Lithuanian sculptor and partisan

Benjaminas Jakševičius (March 31, 1895 – August 13, 1979) was a Lithuanian sculptor and partisan. Together with his brother Vincentas and nephews Silvanas and Adomas, he contributed to religious art by building sacred statues and altars, mainly in Panevėžys, Švėkšna and various other parts of Lithuania. He also built several sculptures, predominantly religious ones, in Troškūnai, Kavarskas, Burbiškis, Upytė, Raguva and Pasvalys.

== Biography ==
Jakševičius was the youngest among his brothers, born to a peasant family. His father Aleksandras was a carpenter and sculptor.

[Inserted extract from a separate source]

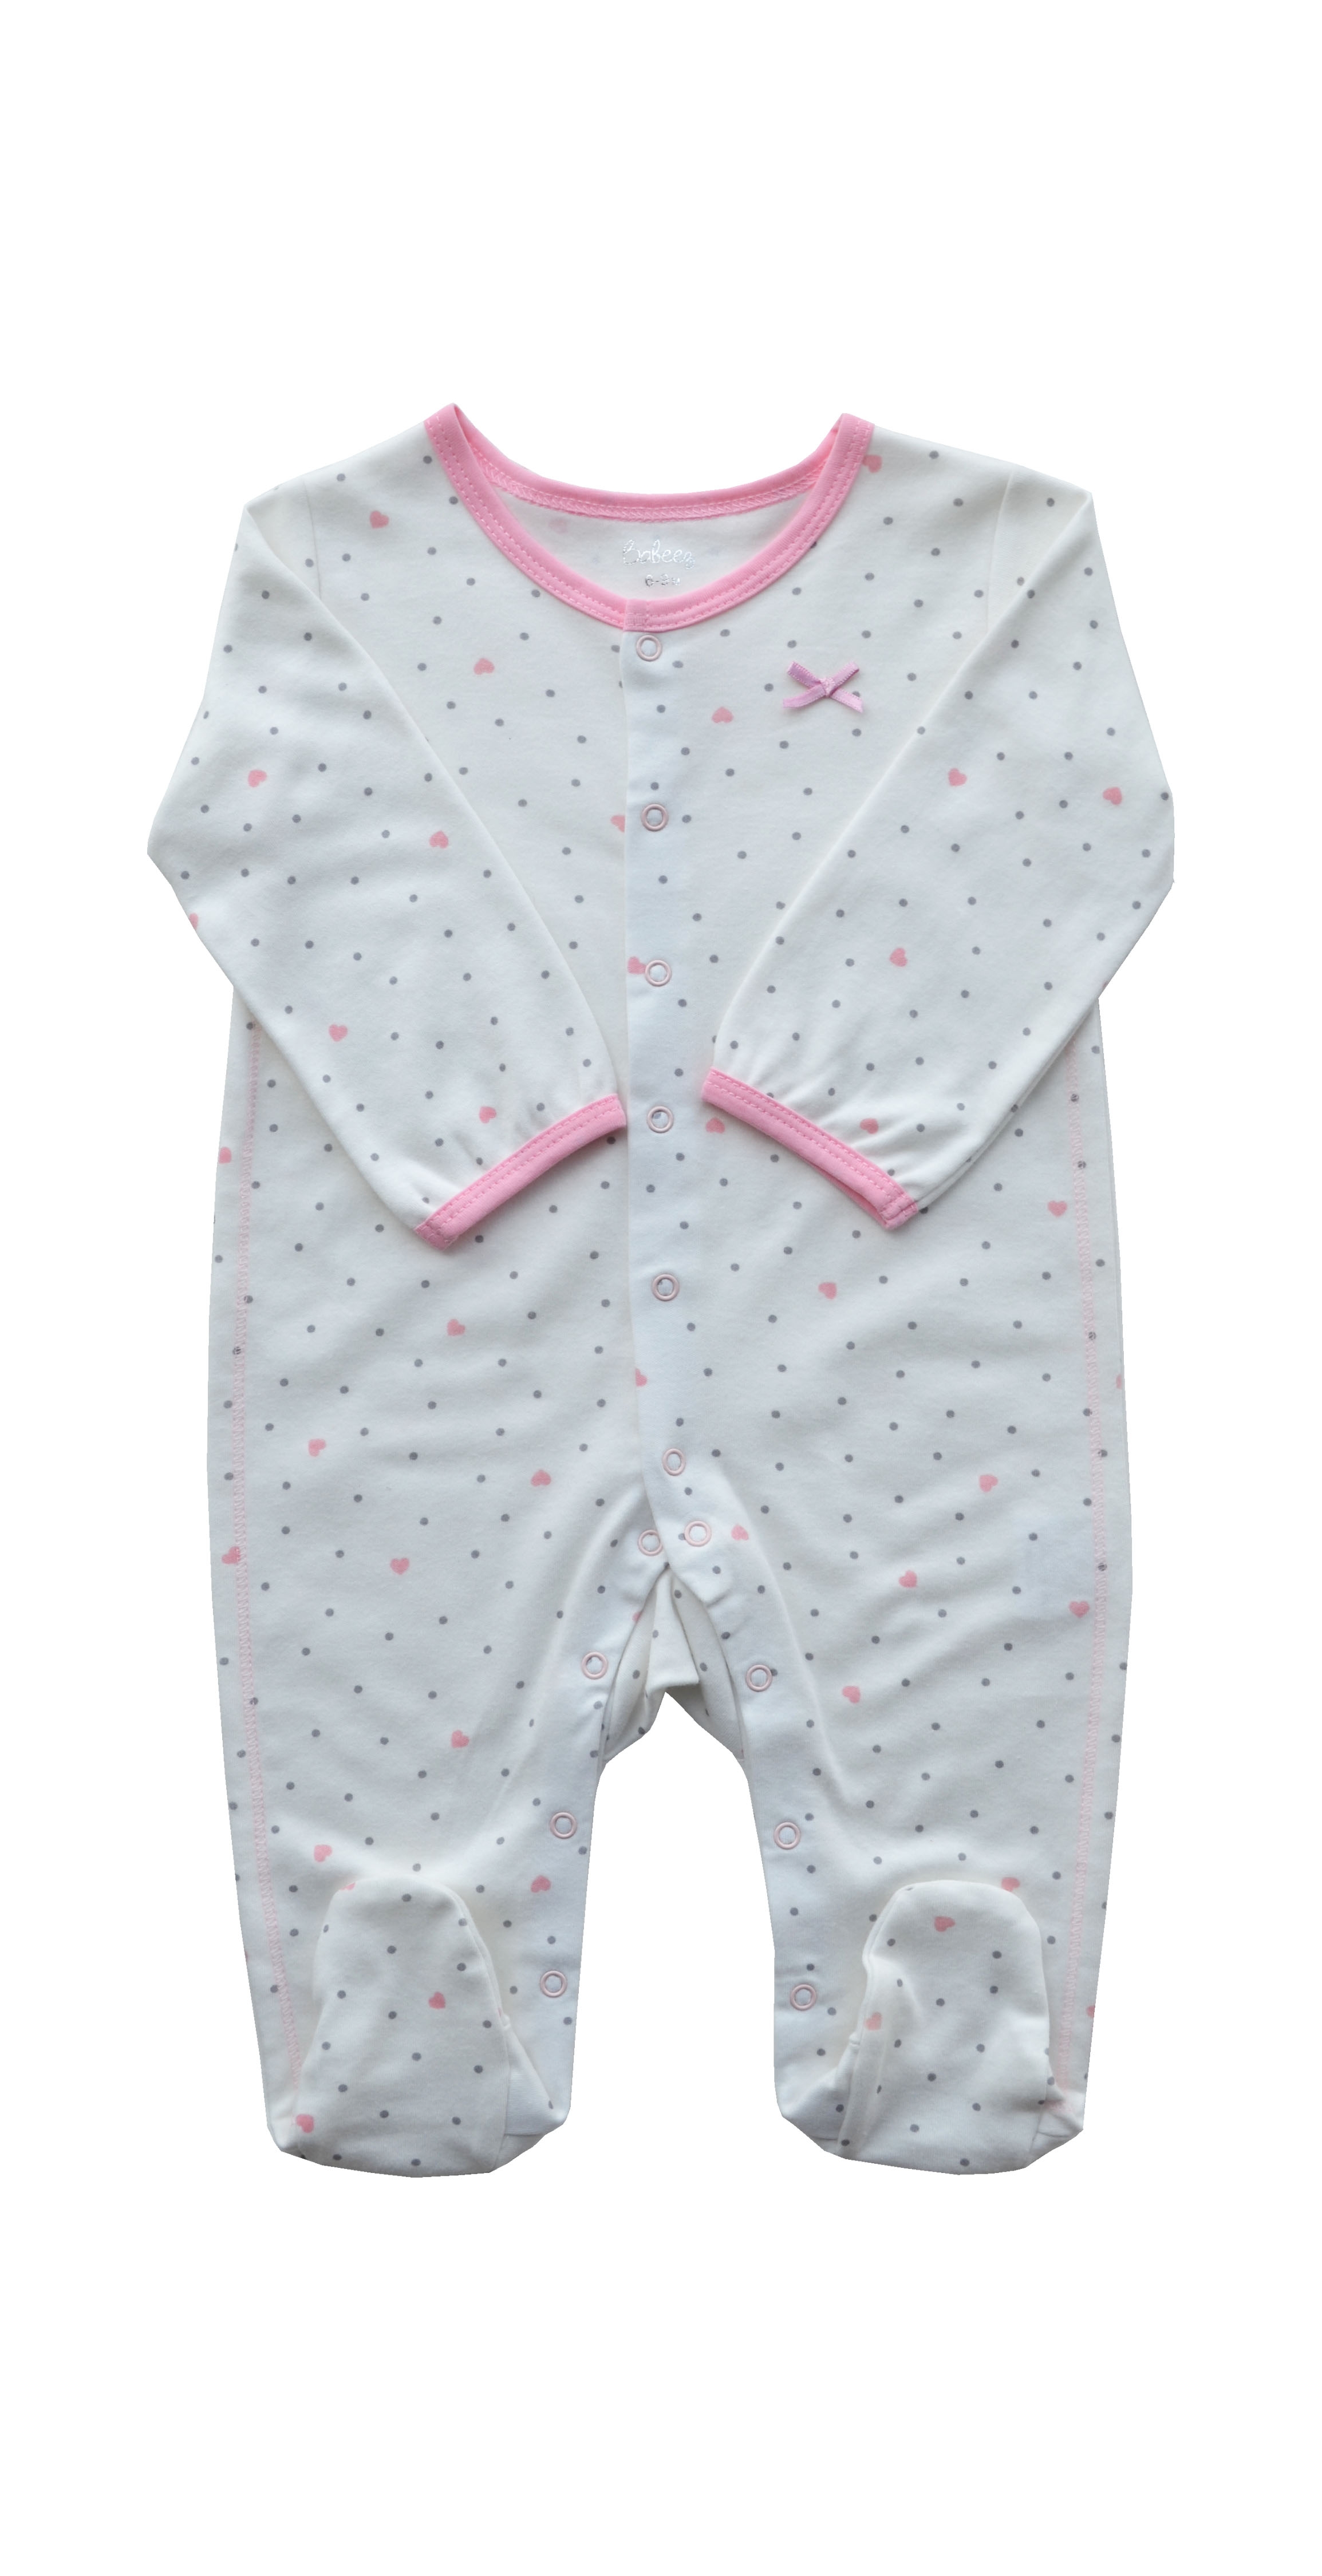 Babeez | Allover Dots and Heart Print on Offwhite Sleeper with Feet(100% Cotton Interlock) undefined

In 1915 he worked for his oldest brother, Vincentas. At the same year he was summoned to the civil service in the Tsarist army. He was released from the service later due to his illness and lived in Yekaterinburg Governorate for a while. In 1918 he came back to Lithuania, where he lived mostly in Švėkšna and Panevėžys from 1922 to 1925 while engaging in creating religious art. Later he moved to Kavarskas and married Elžbieta Striogaitė on November 28, 1925, with whom he had four children. However, he was soon left a widower, as his wife died in 1932, leaving four small children. Benjaminas Jakševičius lived in Kavarskas until 1945, at the same time traveling to other places where he worked as a sculptor and church decorator.

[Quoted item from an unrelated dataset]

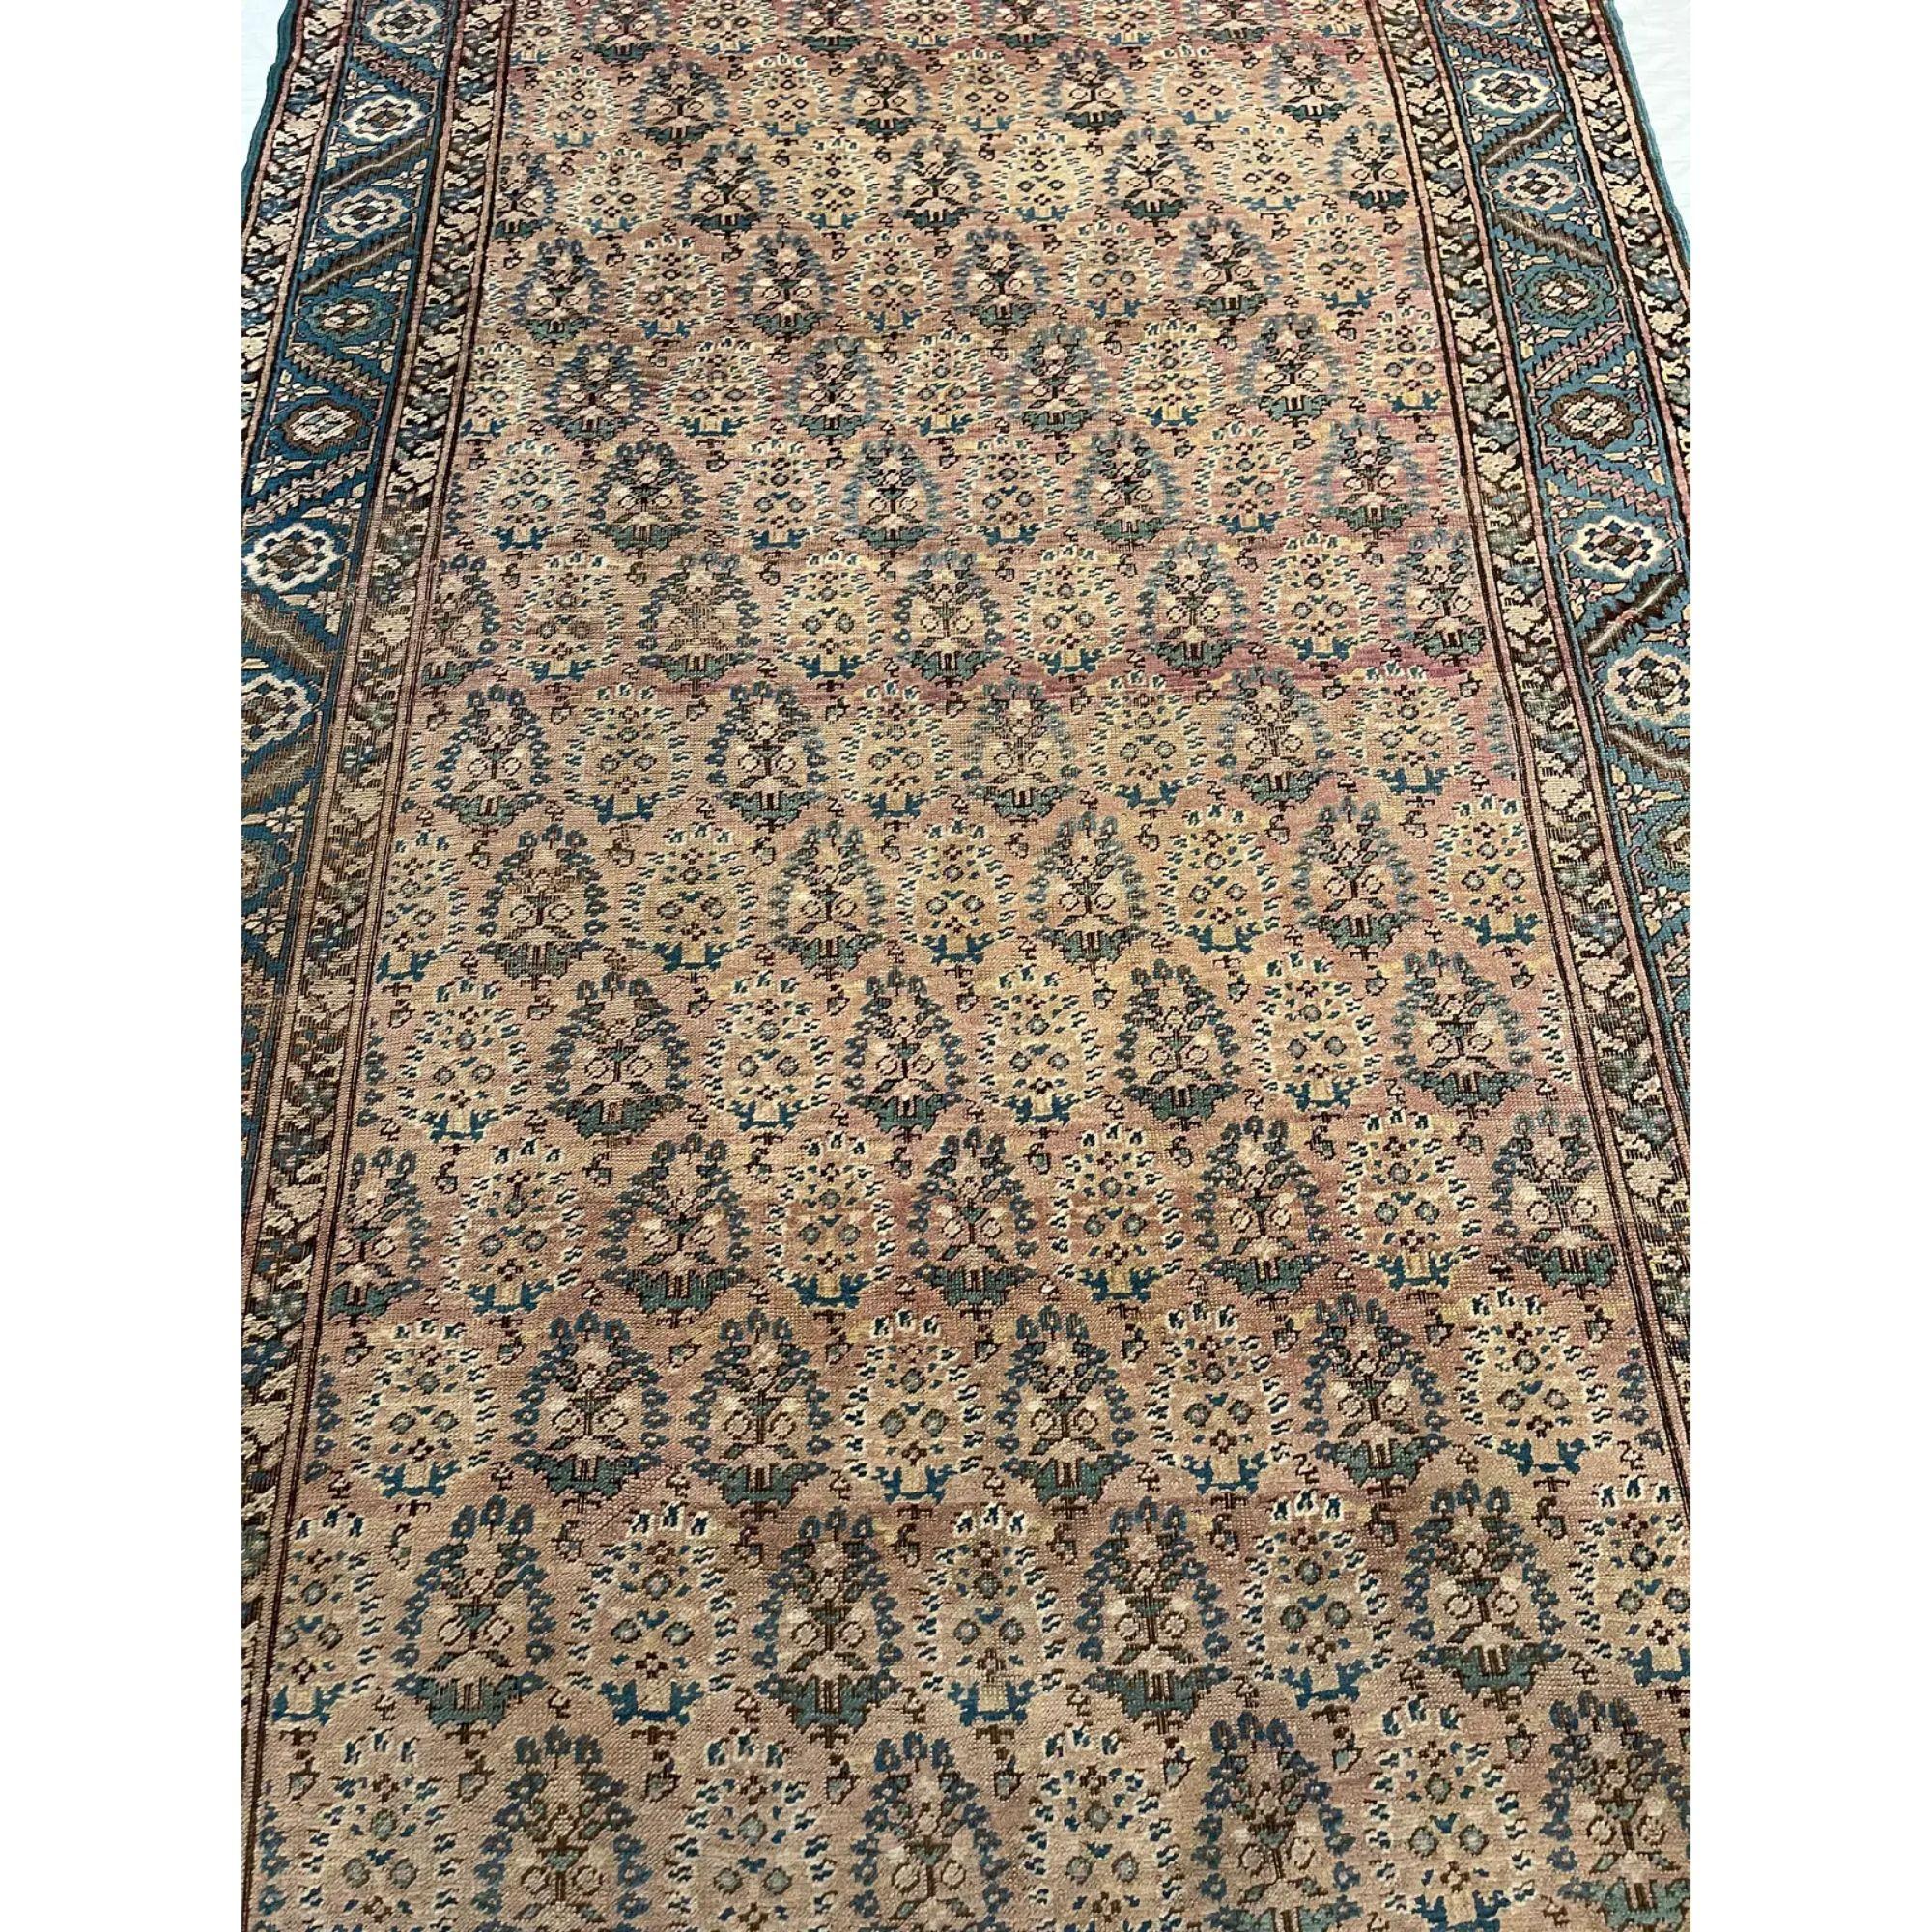 Bakshaish Rugs – Among the oversized rugs made in Persia, Bakshaish (Bakhshaish or Bakhshaysh) carpets are in a class by themselves. In essence, Bakshaish Rugs adapt the style and feeling of the finest smaller village or tribal rugs to the the scale

In July 1945, he joined anti-Soviet resistance movement and was a member of "Liūtas" and "Žaibas" squads (parts of Vytis district, codename Dzedunia and Šaltekšnis. He was caught in 1948 in Miknevičius' forest, not far away from Raguva and sentenced to 25 years of imprisonment in GULAG. He spent most of his prison term as a deportee in the Mordovian ASSR. In 1960s he was allowed to move to any Soviet republic, except Lithuanian SSR, but he came back to Lithuania nevertheless and was under surveillance by KGB until his death.

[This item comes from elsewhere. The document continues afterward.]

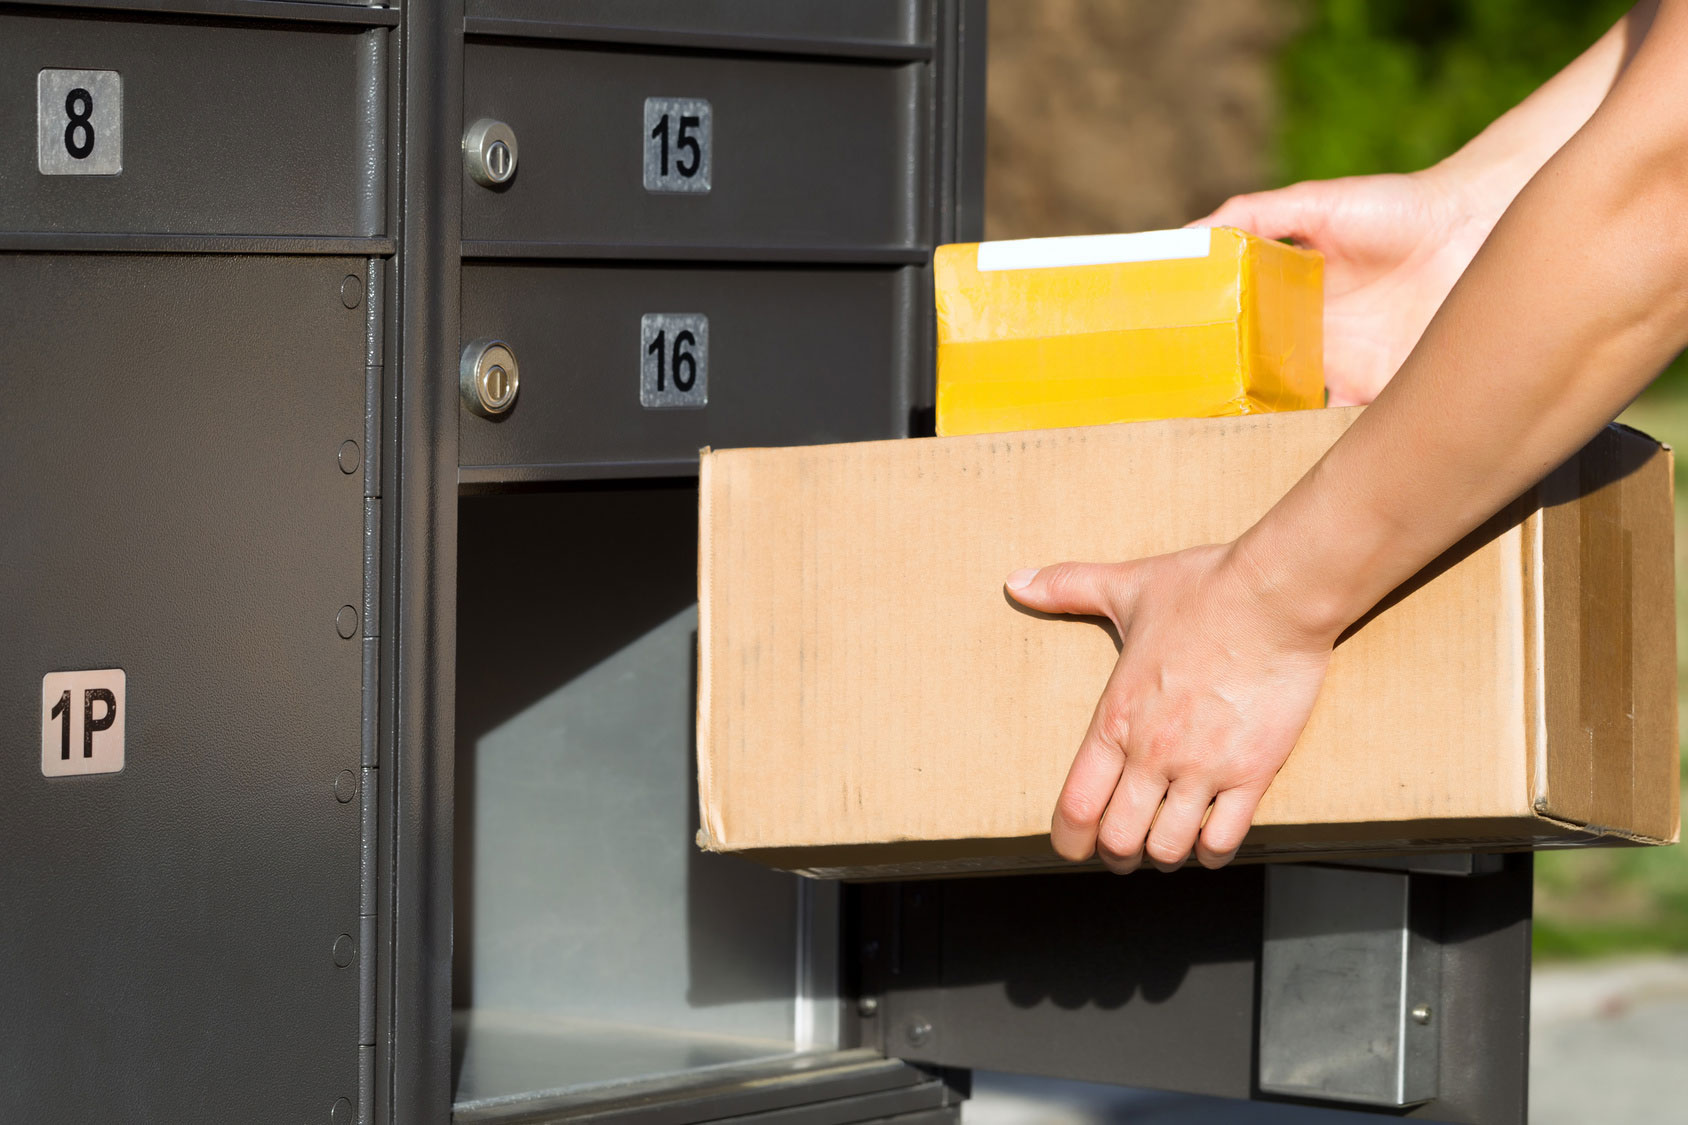 Most Interesting Postal Stories of 2015

Jakševičius died on August 13, 1979, in Kaunas and was buried in Kavarskas Cemetery in the family grave with the white concrete sculpture of St. Mary created by him.

Two of his sons, Vytautas and Algimantas, were folk artists. His oldest daughter Irena Jakševičiūtė-Sabūnienė, a former active helper of Lithuanian partisans during the postwar years, was posthumously recognized as a Lithuanian freedom fighter (laisvės kovų dalyvis).

== Legacy ==
The wooden chess carved by Jakševičius and some of his photos are on exhibition in the Ninth Fort, as well as one family photo in Antanas Baranauskas and Antanas Vienuolis-Žukauskas memorial museum.

Many sculptures and gravestones made by Jakševičius are a part of Lithuanian National heritage.